The people of Northern Ireland were exhausted by the situation. They were fed up with being garrisoned by nearly 20,000 British troops. Most understood that the political deal was not about uniting Ireland. The anger among hardcore DUP supporters about Sinn Féin’s Gerry Adams and Martin McGuinness evading justice for their roles in the carnage of the previous quarter century was offset by the prospect of an end to the war.
As this political process unfolded in the North, the EU was funding a great leap forward in the Republic of Ireland’s economy. The Celtic Tiger was a success. Even unionists could see the Republic was a modern, dynamic state. It was the time to make the border meaningless.
The DUP’s Ian Paisley roared against the deal when it was struck on Good Friday, 1997, and he roared throughout the ratification referendum campaign. But his roar was drowned out at the referendum count at the King’s Hall in Belfast — by the jeers of men who had responded to his dog whistles about Catholics, joined protestant paramilitary groups and lost years of their lives inside the Maze prison. As the overwhelming vote in favor of the agreement was announced, Paisley stormed out of the hall trailed by his young team.
Not quite a decade later, having wrecked the rival Unionist parties and nearly ruining the Good Friday Agreement, Paisley — who died in 2014 — finally got the politics right and ended up as first minister in Northern Ireland with Martin McGuinness as his deputy. He decided to make the Agreement work after all.
The DUP could use him about now. The party’s new leader, Arlene Foster, doesn’t quite roar at his level. But she knows how to turn a party with 10 seats in a Parliament of 650 into a very important faction.
This week, Paisley’s 1997 team have been hauled back in front of the cameras: older, grayer and just as intent on wrecking things as they were back then. MPs like Jeffrey Donaldson— or Sir Jeffrey as he has now become — are trotting out the old lines about Sinn Féin controlling the Irish government. The inference is that the Brexit border dispute was dreamed up by the Republic of Ireland as a crafty way to unite the island.
What Donaldson et al don’t mention is that Northern Ireland voted to remain in the EU by a wider margin than the U.K. voted to leave. The areas along the border overwhelmingly voted to stay in the bloc. Politicians less wedded to crashing out of the EU without a deal than Donaldson are entitled to suspicions about collusion between the DUP and the Conservative Party’s own wreckers.
For decades, the anti-EU faction in the Tory party made life hell for its leaders: They ruined the premiership of John Major and tortured David Cameron into his folly of a Brexit referendum.
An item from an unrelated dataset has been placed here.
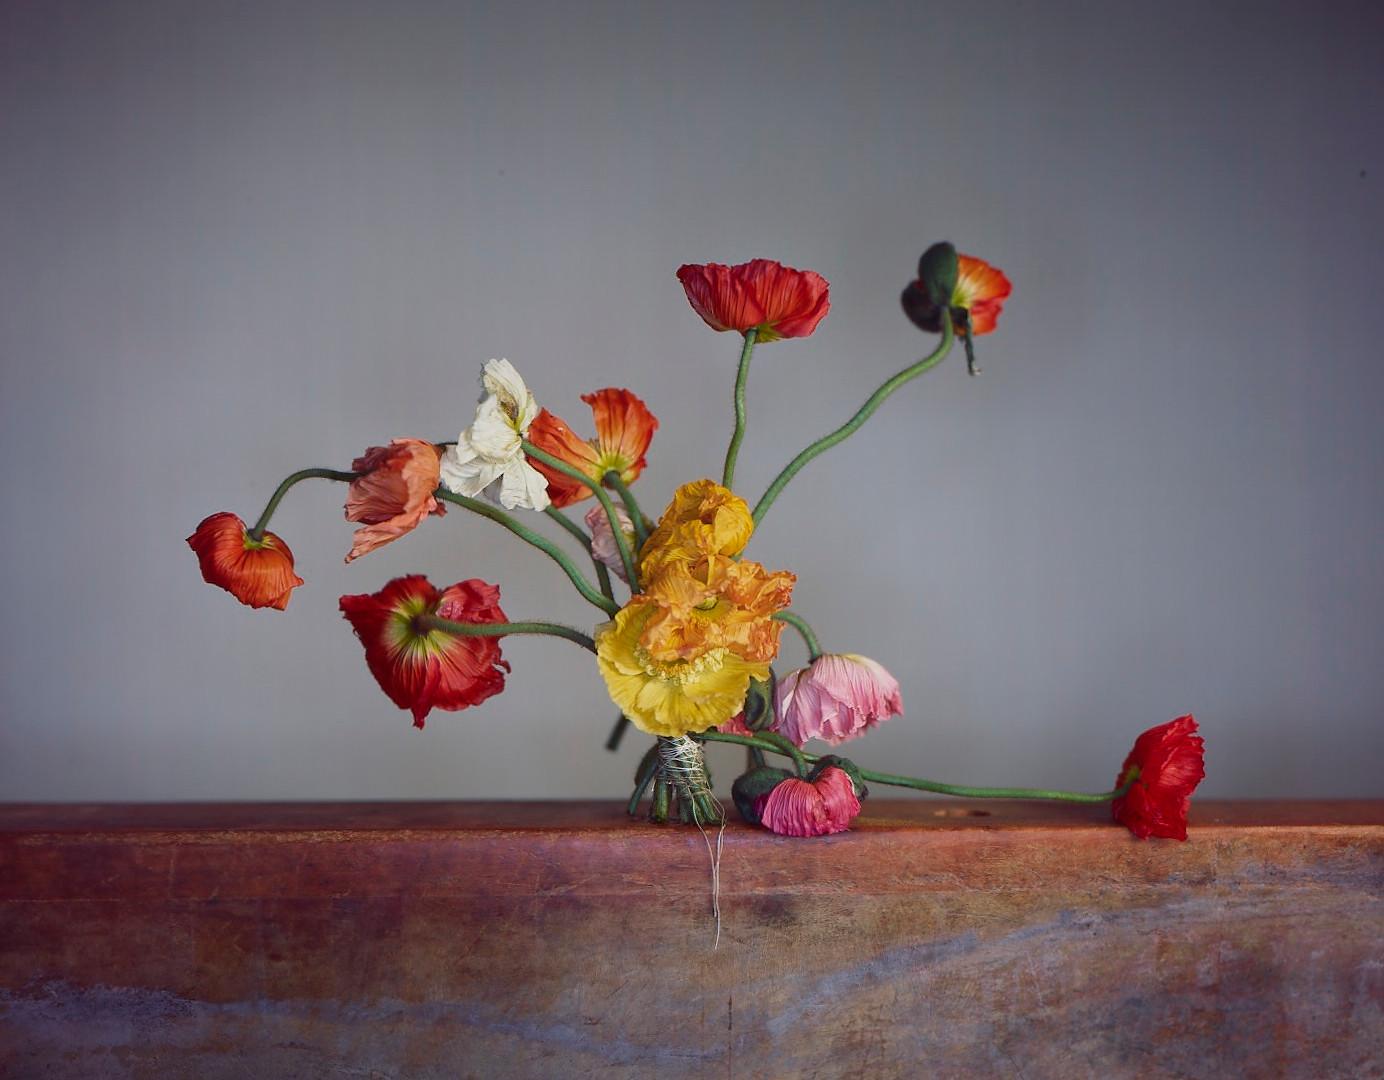 Richard Learoyd, Full Bloom Poppies (Eccentric), 2018

Now they are doing their best to thwart Prime Minister Theresa May’s attempts to negotiate an exit from the EU that doesn’t completely destroy the British economy.
The hardest of hard Brexiteers have been lavishing praise on the DUP this week. Tory MP Jacob Rees-Mogg said he was in complete agreement with the DUP, and he reminded people of the Tory party’s full name: “We are the Conservative and Unionist party after all.”
This has been a glorious week for the wreckers. But, like Paisley in 1997, they may have misread the politics of the moment. The latest surveys show that among those who voted to leave the EU, many are now concerned that Brexit negotiations will result in a bad deal. A growing number also say they want a second referendum to ratify whatever deal is finally agreed. Looking at current polling trends, the government could very easily lose such a second referendum.
And what then? The whole process could start all over again. There may be no waking up from this particular nightmare, it seems.
Michael Goldfarb covered Northern Ireland in the 1990s for NPR, the American radio network.